The results of preprocess_data function are three dataframe, notes, ratings, noteStatusHistory. Those dataframe will be the input of scoring algorithms. I validated my results by writing the intermediate dataframe to disk, and compared them wit results from the latest release version (c7db275) by doing a diff. The intermediate dataframes are exactly the same.
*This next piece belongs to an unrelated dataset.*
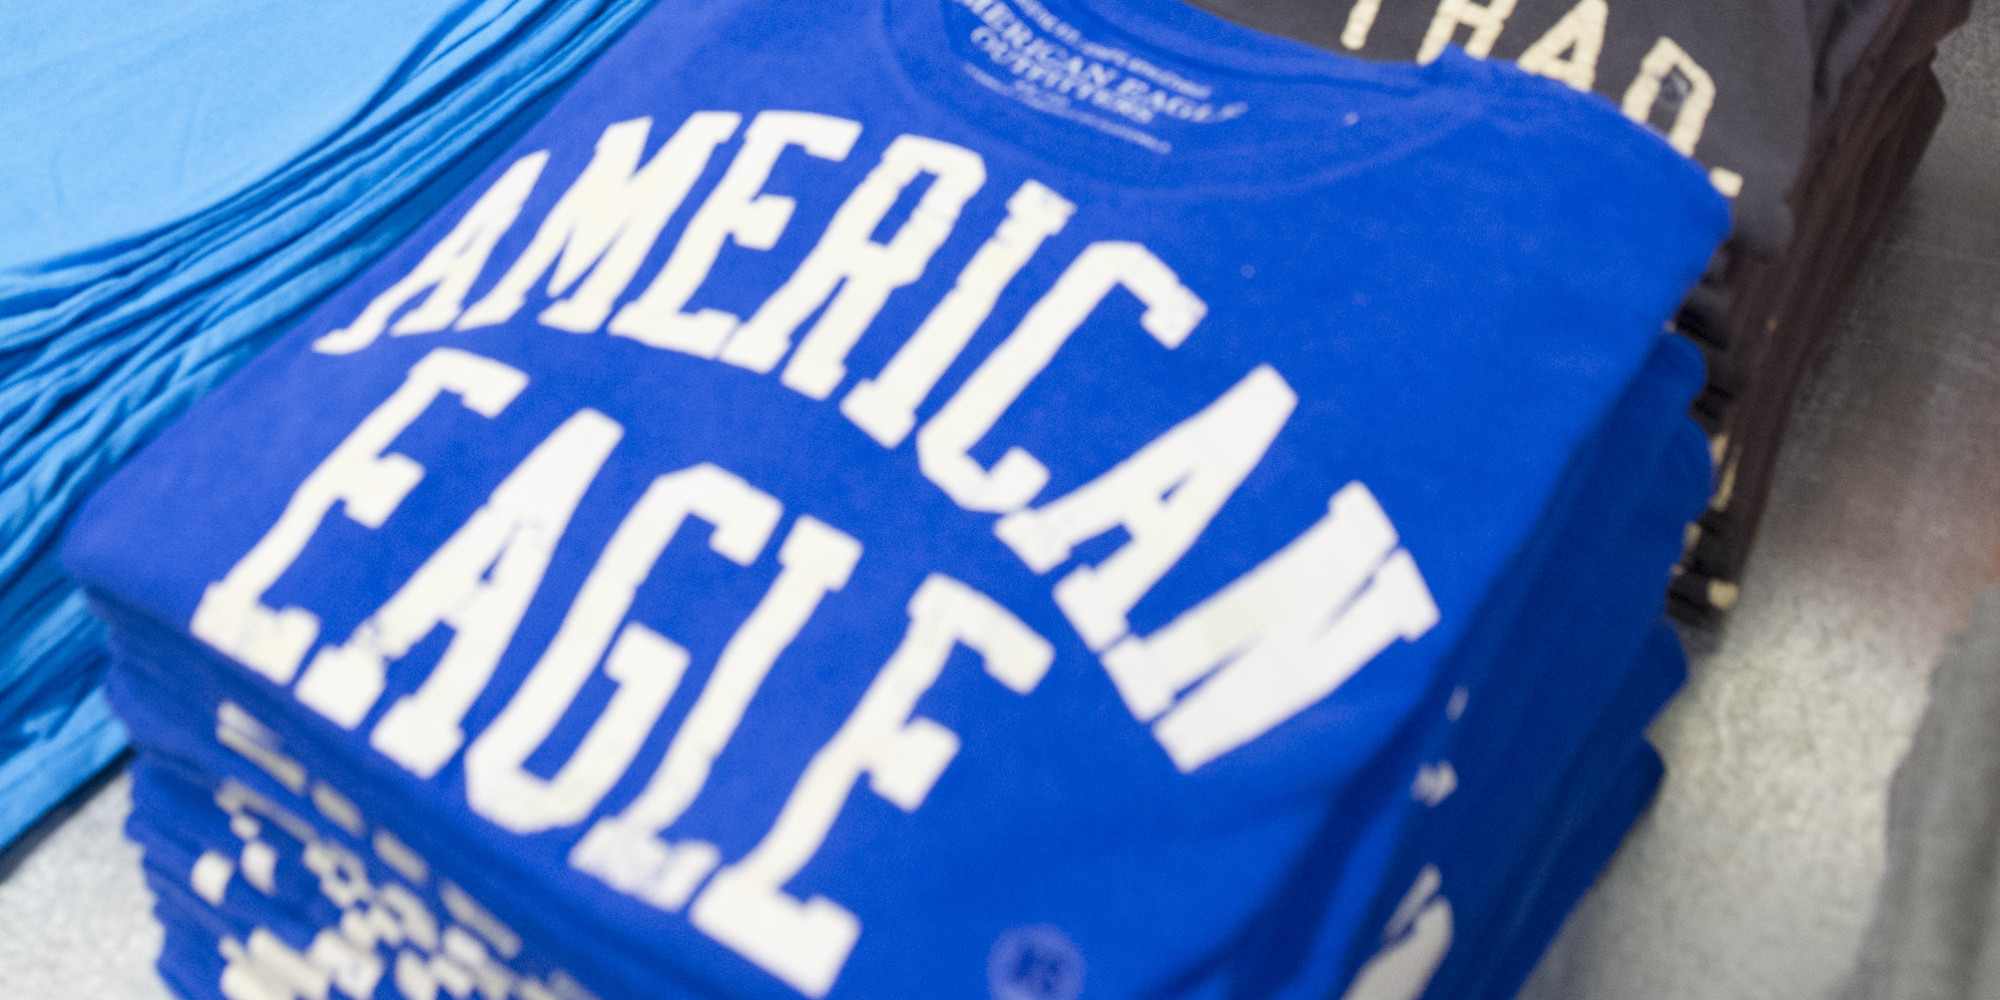 Robert Hanson Out As CEO Of American Eagle

Add code comments and logs to explain what notes/ratings are kept or removed

I think the current code comments/logs can be improved to help the users understand the data preprocessing part. As per my understanding,

  1. Some notes have no ratings, they are removed
  2. Some ratings are in a bad format, (i.e., helpfulKey=0 and notHelpfulKey=0), they are removed
  3. In the _filter_misleading_notes function, the logic does the following:
  • For deleted notes (c.classificationKey is NaN):
    • Keep ratings of notes that appear in noteStatusHistory (previously scored)
    • Remove ratings of notes that do not appear in noteStatusHistory
  • For still available notes (c.classificationKey is either MISINFORMED_OR_POTENTIALLY_MISLEADING or NOT_MISLEADING):
    • Keep ratings of notes saying the associated tweet is misleading
    • For those saying the associated tweet is not misleading:
      • Keep ratings after the new UI launch time, c.notMisleadingUILaunchTime
      • Remove ratings before the new UI launch time, c.notMisleadingUILaunchTime

I added logs to each of the three steps, and showed how the row numbers changed (see the new log output below). I also added test cases for step 3, because the numbers should add up. The tests are here.

Log comparison

I showed the log comparison based on data released on 2024-02-07. The new log shows the row number of dataframe from reading the provided tsv files, and a detailed history of dataframe row changes as we go through Step 1-3 above.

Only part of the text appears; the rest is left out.